Feedback → Re: site user password intrusion info

Justin,

I come at this from the perspective of someone who develops security monitoring tools for a living. My first comment is that you are to be commended for your fast, responsible disclosure of the problem, and for fixing the SQL injection bug. Obviously, we're all hoping you spend a good amount of time combing the rest of the site's source for further exploitable vulnerabilities over the coming days, but your initial turnaround on this is worthy of praise.

In terms of being beaten up about this, I'd hate it if my skills as a programmer were judged based on only my worst bugs. I think that the more time we waste beating you up on this is time we're not spending learning how to avoid these mistakes ourselves in the future.

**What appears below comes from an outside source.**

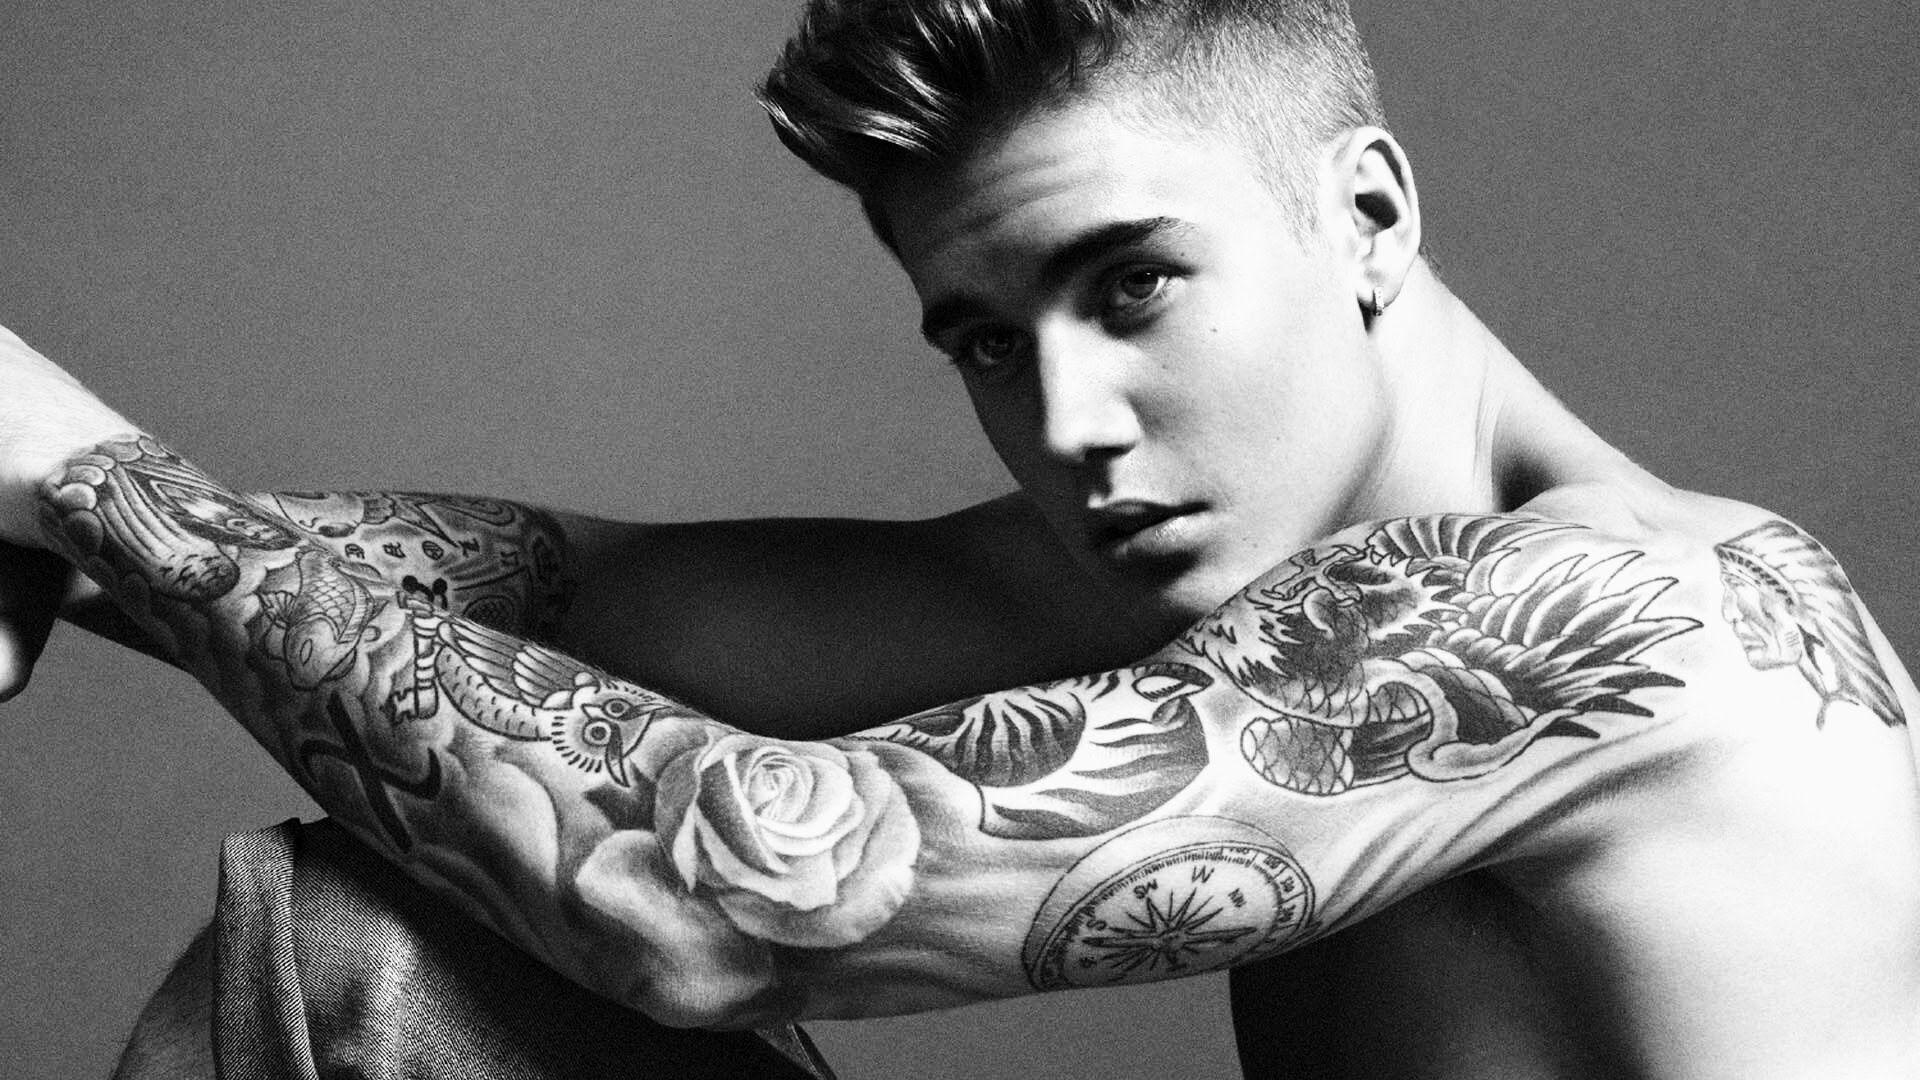 Justin Bieber all tatt...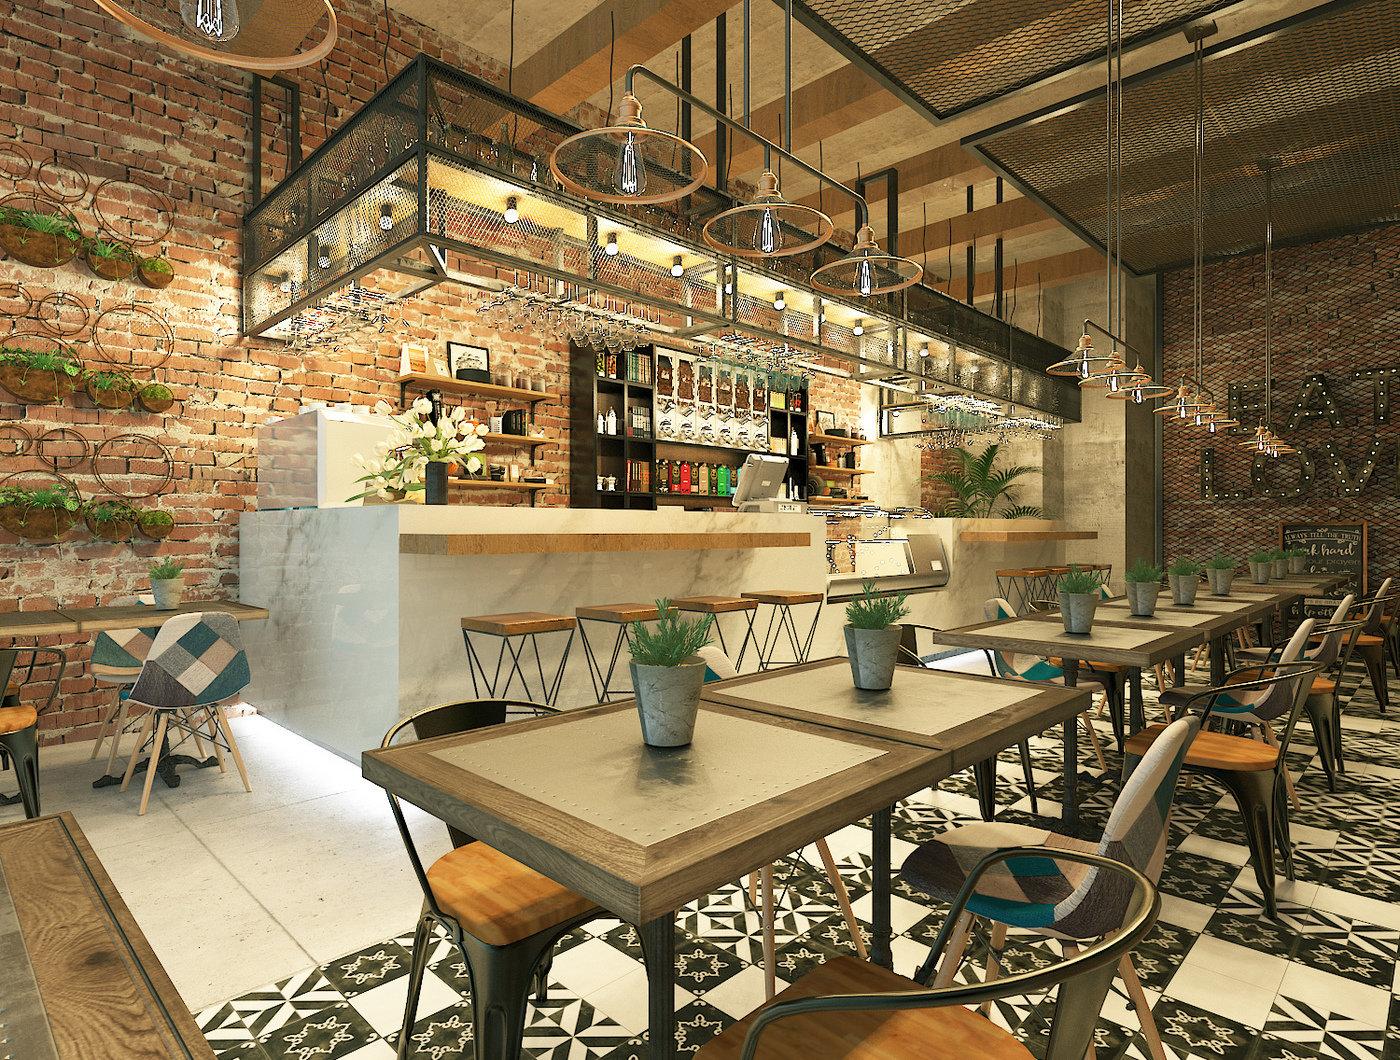 simple cafe design by Chrismas Ardianto at Coroflot.com

With that in mind, could you tell us all a bit about how you were first alerted of this attack in progress? What was your first indication, and how did you follow up to determine the scope of the attack? Were you just operating off of server logs on the web server, RDBMS, etc. or do you run an IDS/IPS that helped you figure out what was happening?

Finally, are you absolutely, 100% certain that the 8% of accounts you've already emailed are the only ones who are compromised, and what makes you sure that others were not? I bring up this last point because often times attackers will have a way of covering up their tracks. At a minimum, I think a front page post on this is in order to let everyone else on the site who isn't following this forum know that there's a remote chance their credentials were also exposed.

Thanks again for your quick response, and I hope you'll share some more details of how you detected and responded to this attack with us soon so that we can all learn from your mistakes.

Wow! Two zingers in one week (PSN and DSLR). Thanks for the quick notice Justin. I do appreciate it and fortunately had a unique password for this site. For those recommending lastpass type software, isn't that putting yourself in the same type of boat. You're basically utilizing one password to access all of your passwords. There was something a little unsettling about that for me. I typically store all my passwords in a password protected Excel password file on my laptop. Probably not the best place in the world, but at least it's local and I don't take my laptop around that much. I am open to other suggestions or thoughts.